### What is expected
Set down every entry again word for word, please, but skip the pictures.

### Supplied records
---+---
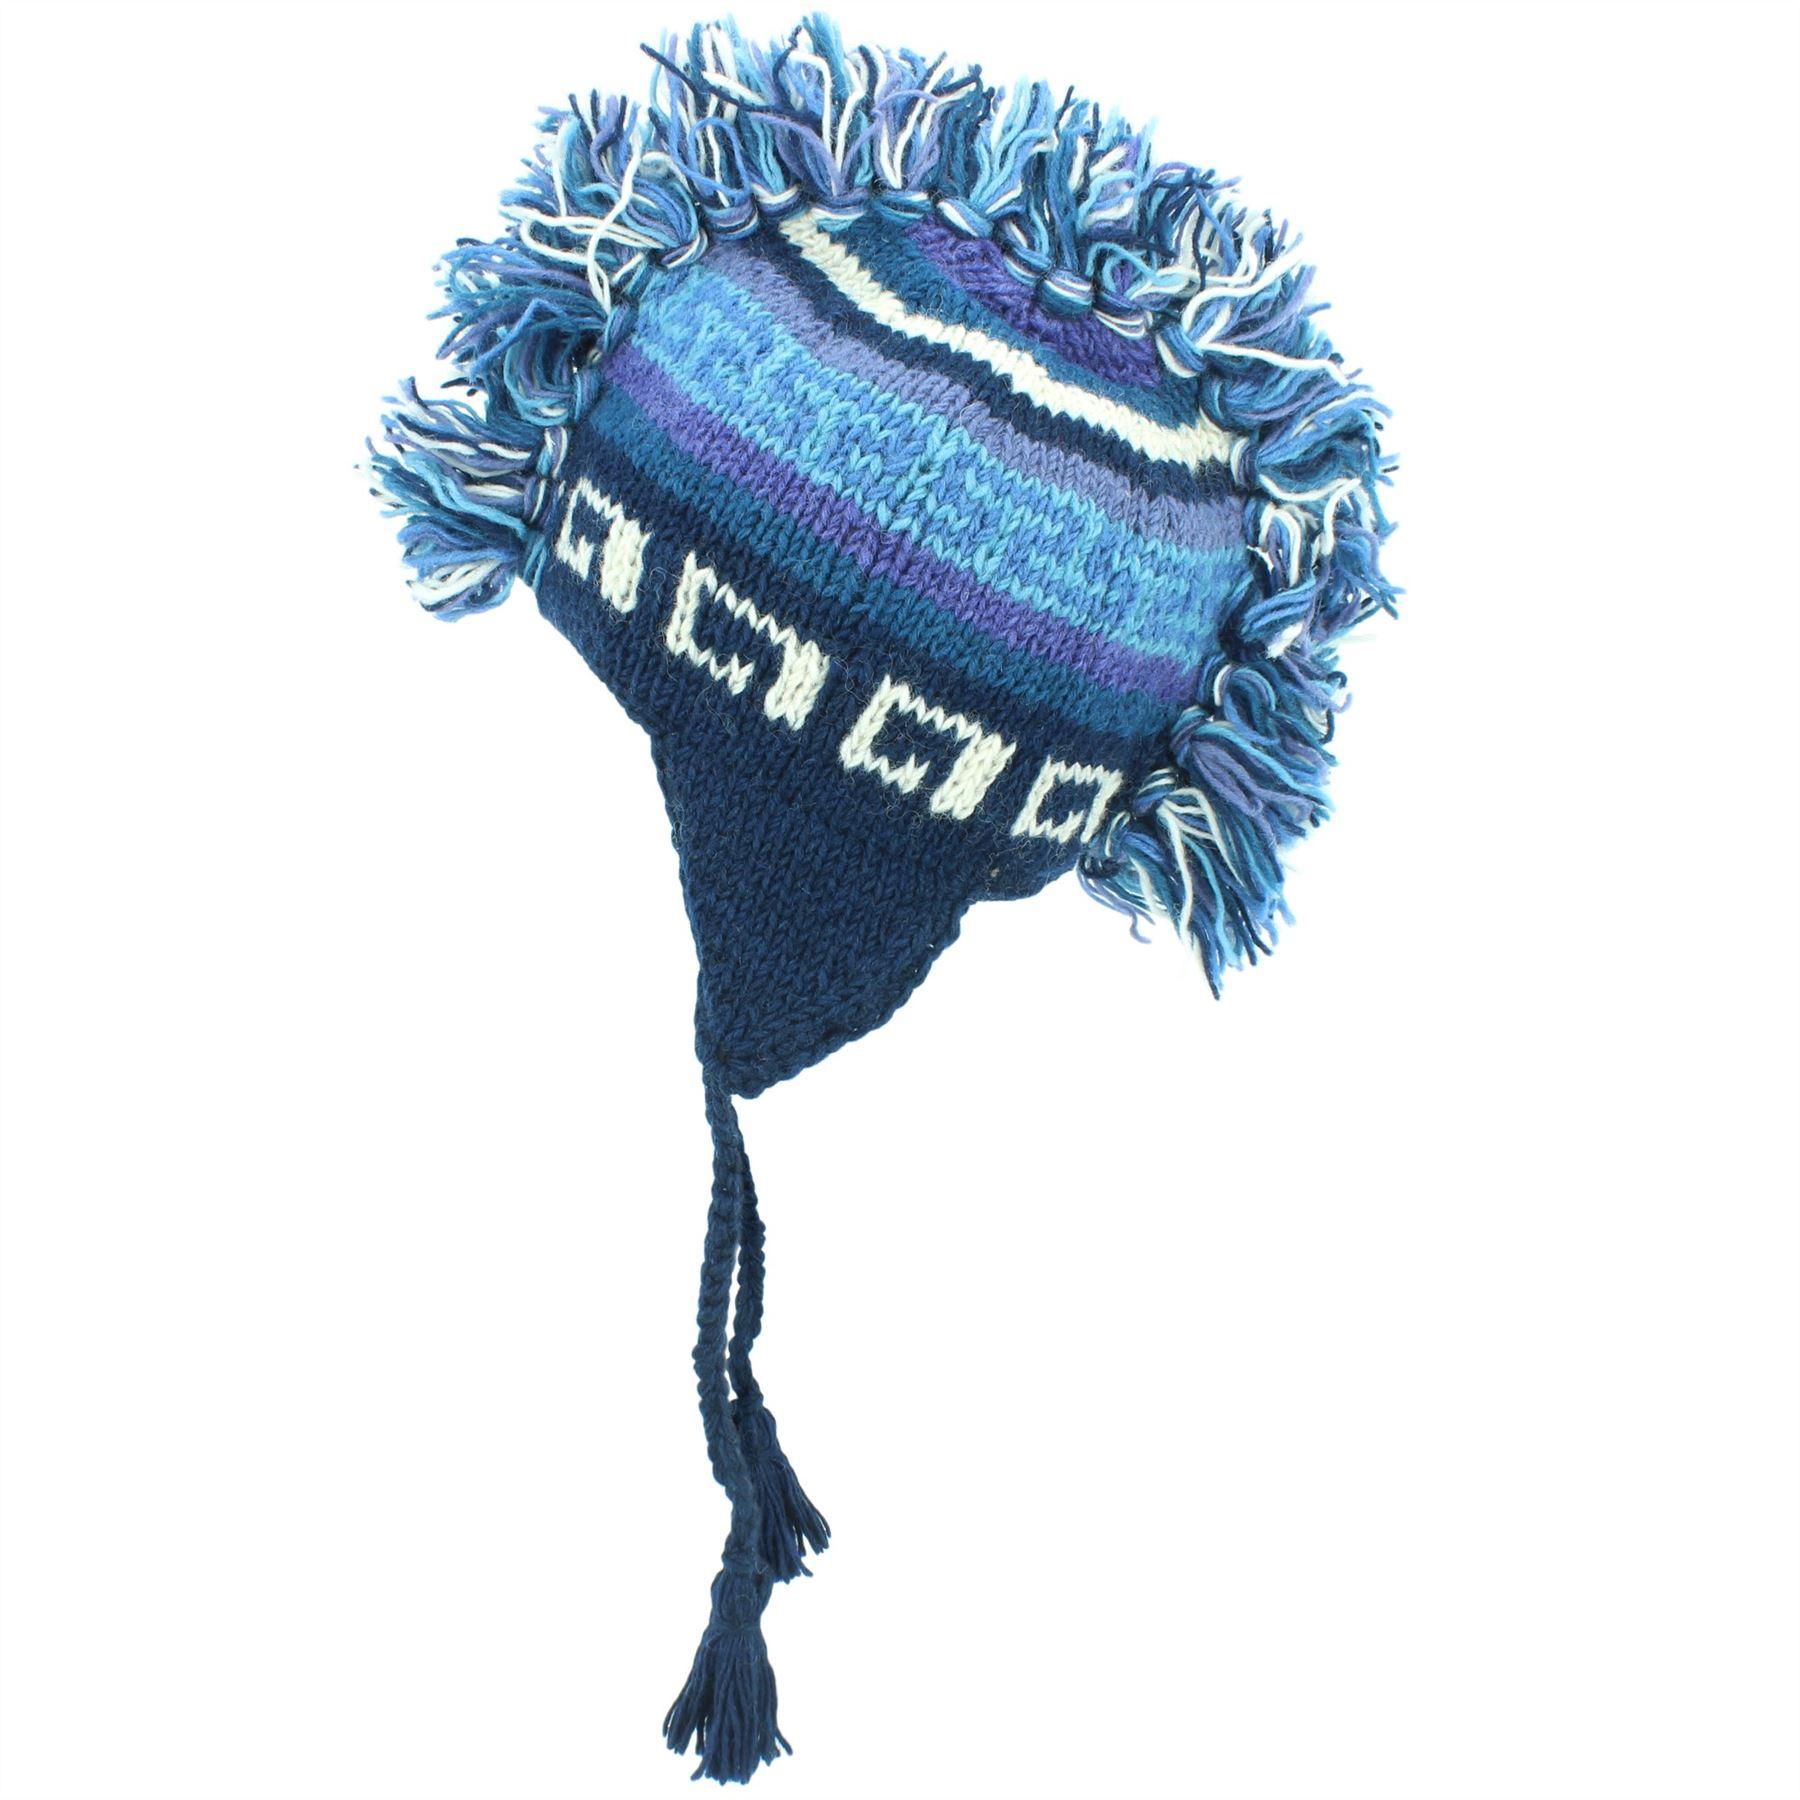 BOBBLE HAT WOOL KNIT WARM WINTER EARFLAP BEANIE FLEECE LINED BLUE /& GREEN
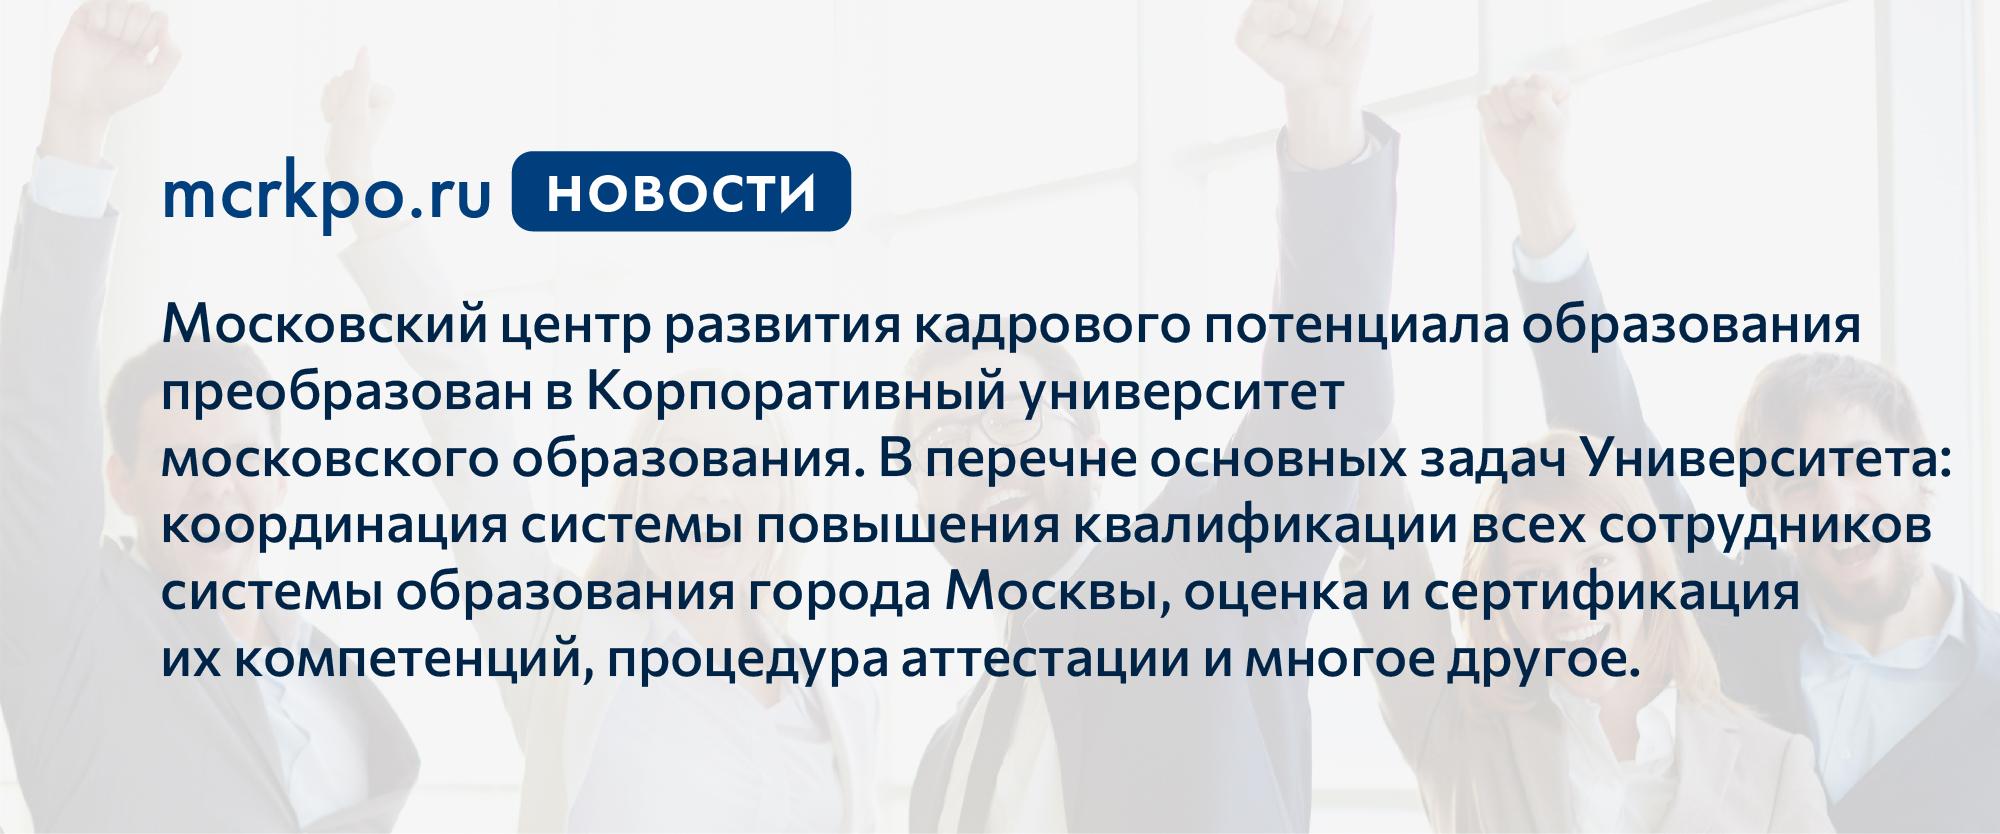 МЦКПО преобразован_баннер
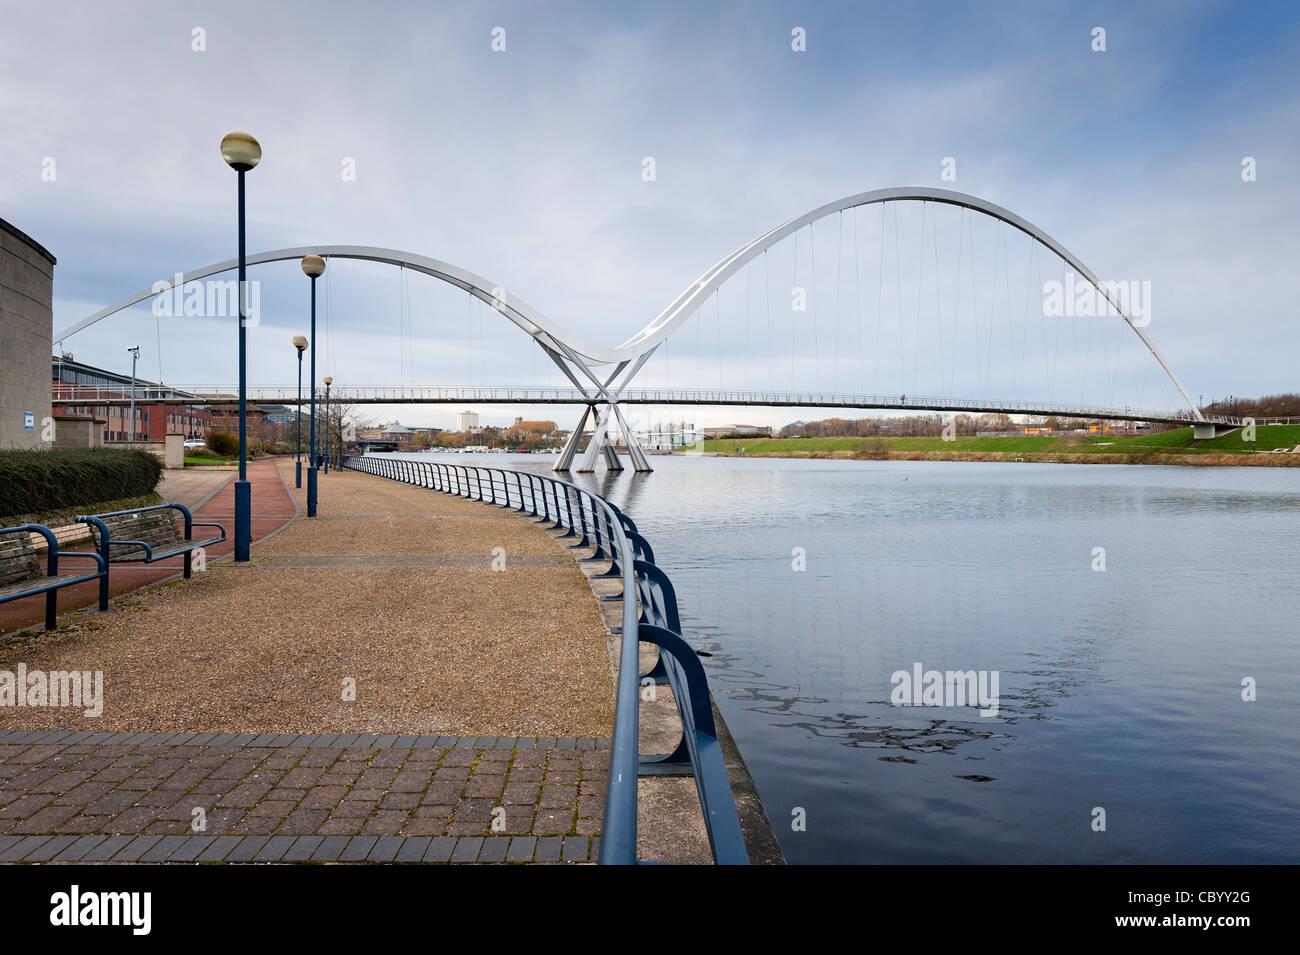 Teeside Infinity Bridge Stock Photo
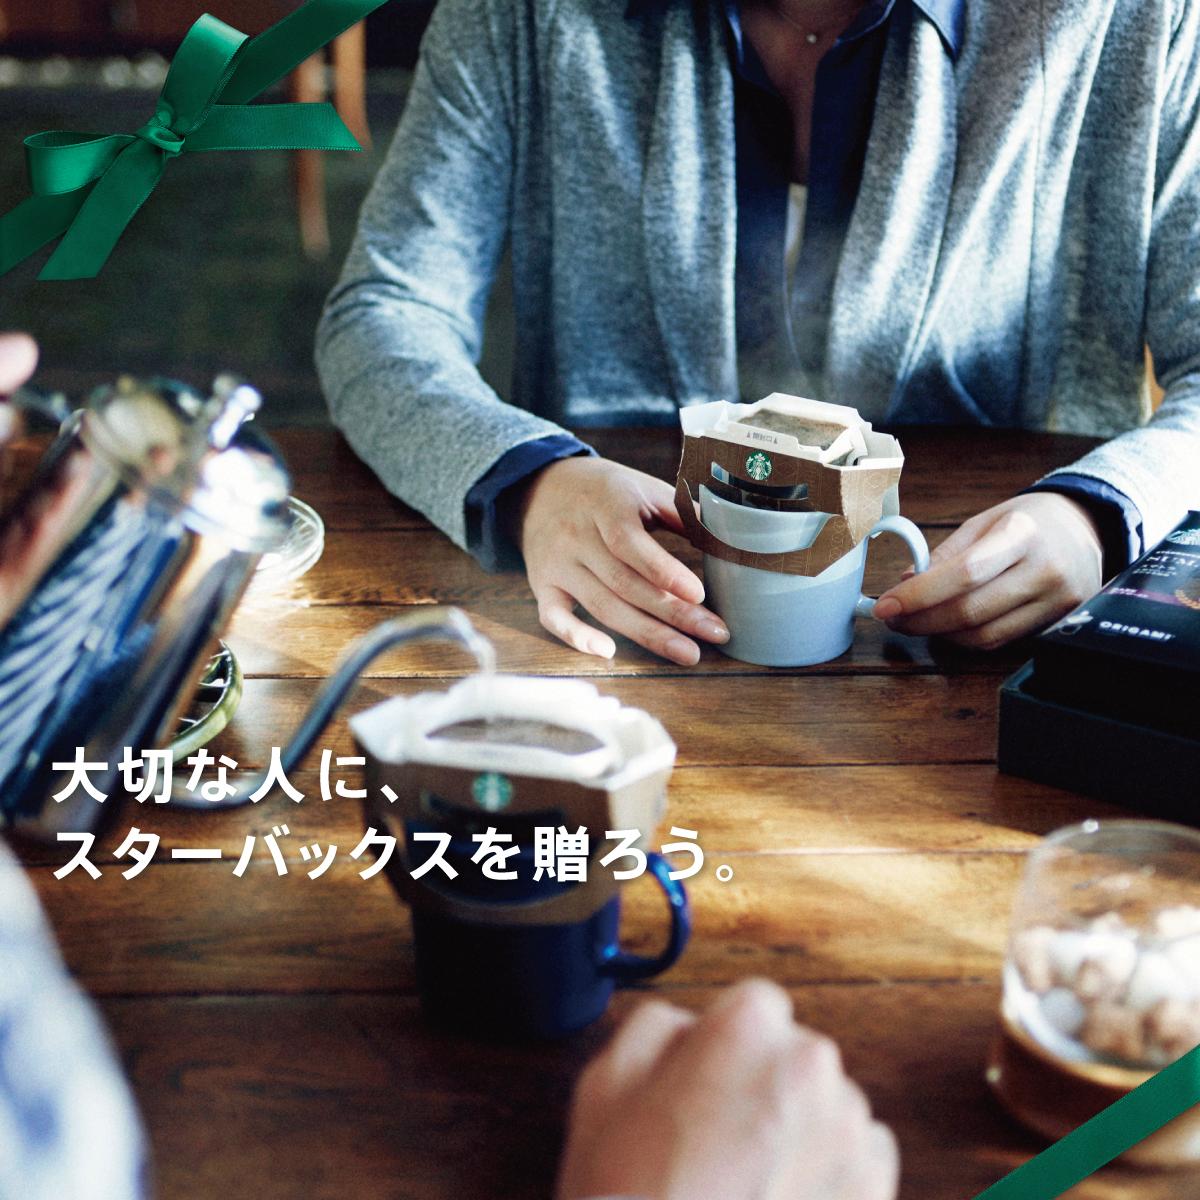 百貨店、ギフト専門店で選ぶスターバックスのギフト | スターバックス コーヒー ジャパン
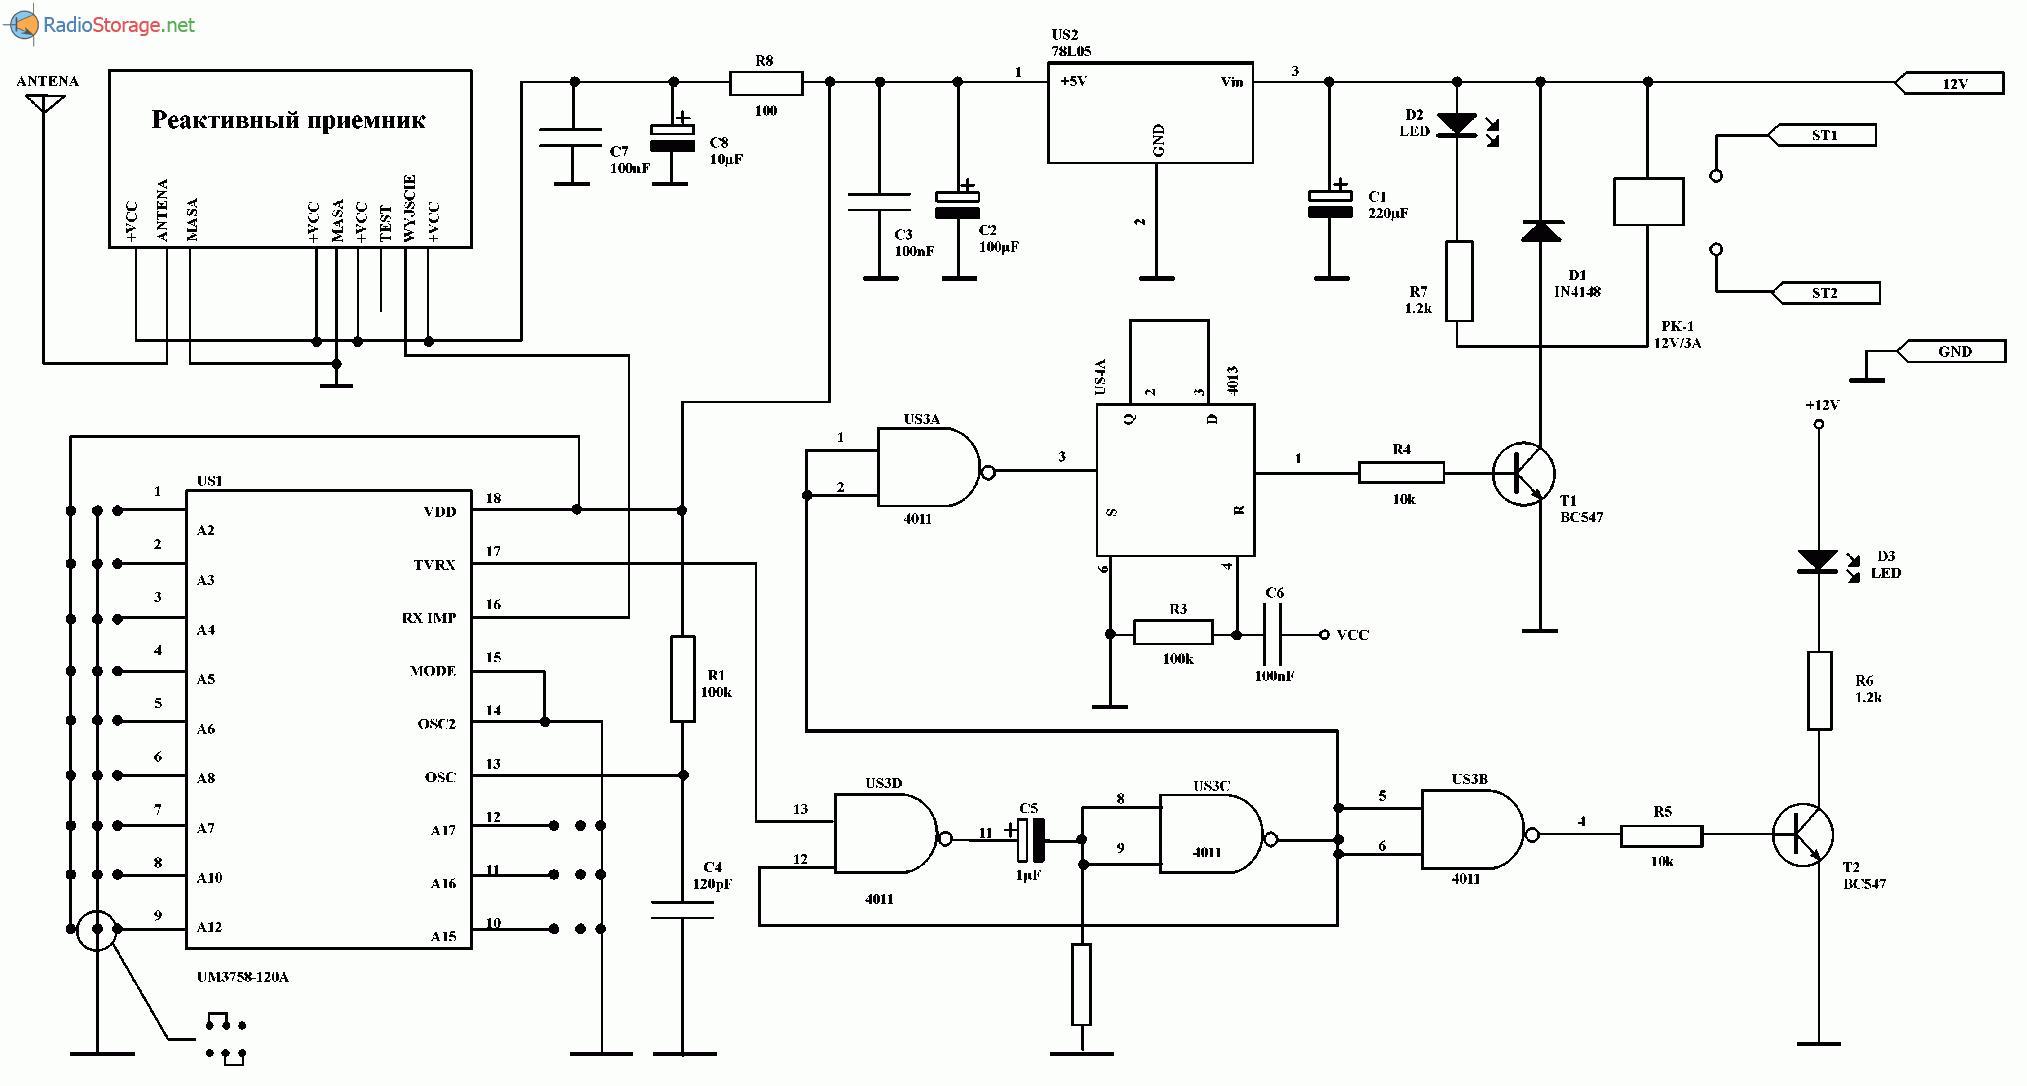 Система дистанционного радиоуправления на UM3758-130A, схема
---+---
### Solution for this problem
 BOBBLE HAT WOOL KNIT WARM WINTER EARFLAP BEANIE FLEECE LINED BLUE /& GREEN
 МЦКПО преобразован_баннер
 Teeside Infinity Bridge Stock Photo
 百貨店、ギフト専門店で選ぶスターバックスのギフト | スターバックス コーヒー ジャパン
 Система дистанционного радиоуправления на UM3758-130A, схема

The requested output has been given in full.